Subsystem Hierarchy 1	Jan 3:30pm	Jan 7pm	April 4pm	April 10pm	Aug 27 4pm	Aug 27 10pm	Aug 28 4am
Amino Acids and Derivatives	261	536	204	198	21	144	443
Carbohydrates	886	1767	546	1302	530	1381	1256
Cell Division and Cell Cycle	83	191	52	63	96	56	80
Cell Wall and Capsule	154	353	317	297	153	113	221
Clustering-based subsystems	641	657	294	451	111	157	427
Cofactors, Vitamins, Prosthetic Groups, Pigments	215	457	130	248	24	13	469
DNA Metabolism	102	108	83	122	24	26	85
Fatty Acids and Lipids	84	28	17	27	0	28	10
Macromolecular Synthesis	0	0	5	2	2	0	0
Membrane Transport	44	19	237	83	2673	13	440
Metabolism of Aromatic Compounds	47	6	16	4	0	24	14
Miscellaneous	53	80	54	55	672	43	75
Motility and Chemotaxis	40	10	438	58	3	8	180
Nitrogen Metabolism	11	0	0	2	9	8	3
Nucleosides and Nucleotides	144	87	42	48	4	13	56
Phosphorus Metabolism	79	83	64	94	25	18	31
Photosynthesis	67	0	17	2	0	1	0
Potassium metabolism	29	13	3	13	4	2	7
Protein Metabolism	439	95	129	625	81	112	172
RNA Metabolism	1631	160	1813	702	907	2883	874
Regulation and Cell signaling	65	136	16	354	30	18	41
Respiration	174	20	26	97	125	31	109
Secondary Metabolism	18	3	1	0	0	0	1
Stress Response	100	175	42	229	5	43	56
Sulfur Metabolism	42	18	19	14	13	11	40
Unclassified	346	58	957	101	10	110	271
Virulence	152	847	385	716	385	651	546

Highlights from the metagenome sequences

In general, in the samples, metagenomes were more similar than metatranscriptomes. Photosynthesis genes showed both seasonal and diel changes: specifically, 10 times greater photosynthetic potential in winter than in summer and greater abundance at night in January and April. Gene fragments annotated to proteorhodopsin showed virtually no seasonal or diel fluctuations, however: only approximately 0.07% of the annotated functional profile from each sample. Other seasonal differences in metagenomic profiles included a considerably higher winter abundance (compared to spring or summer) of archaeal genes associated with lipid synthesis, thermosome chaperonins, RNA polymerase, small subunit ribosomal proteins, DNA replication, and rRNA modification. Diel differences were apparent among genes involved in respiratory metabolism, which were more abundant at night.

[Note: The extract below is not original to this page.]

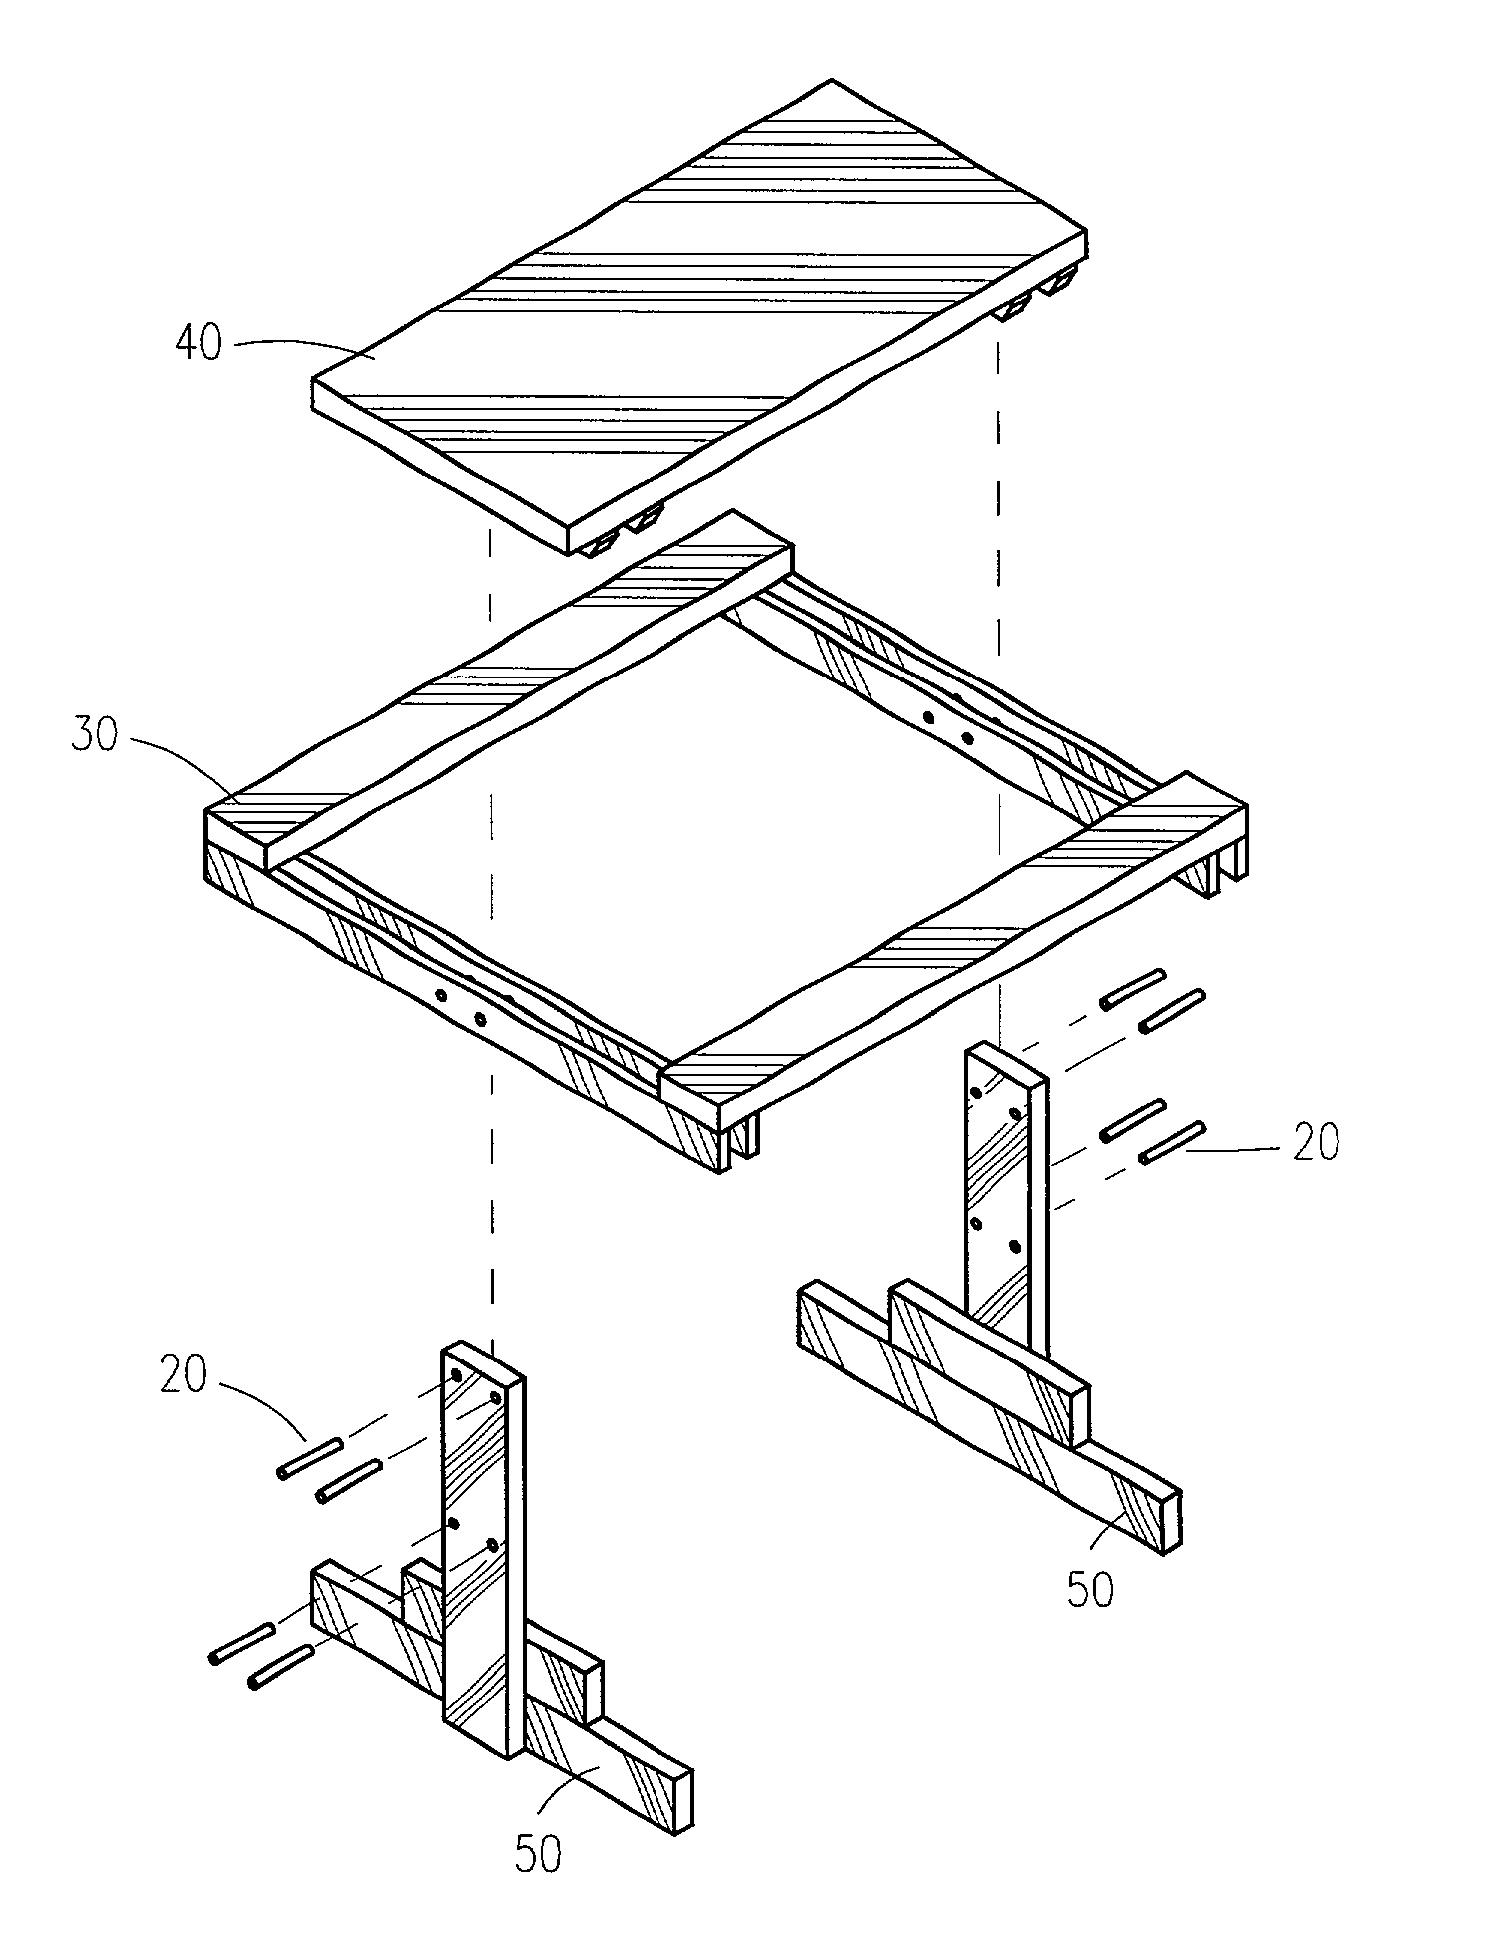 Modular picnic table

The metatranscriptomic photosynthetic profiles were similar to those of the metagenomes in that photosynthesis genes were most abundant in January and virtually absent in August. Photosynthetic transcripts also were most abundant during the winter. On the other hand, unlike metagenomes, they were most abundant in the daytime in all months. Other seasonal differences in metatranscriptomic seasonal profiles included a greater abundance of transcripts related to membrane transport, especially amino acid transport, in summer when nutrients and dissolved organic material (DOM) are least abundant. The diel metatranscriptional profiles for January showed considerable difference in functions (in addition to photosynthesis); for example, transcripts relating to nitrogen cycling were most abundant during the day and were associated mainly with ammonification. Cell wall and capsule and cell division and cycle were upregulated at night, suggesting a nocturnal increase in cell division, potentially associated with the Cyanobacteria. Similarly, April samples showed a considerable up-regulation in RNA metabolism during the day, resulting primarily from an increase in group I intron and RNA polymerase transcripts. In August, transcripts with homology to membrane transport were upregulated during the day, while transcripts associated with motility and chemotaxis and with the synthesis of cofactors, vitamins, prosthetic groups, and pigments were considerably upregulated at night, suggesting that nocturnal motility and cellular activity (nucleotide and amino acid synthesis) were also upregulated.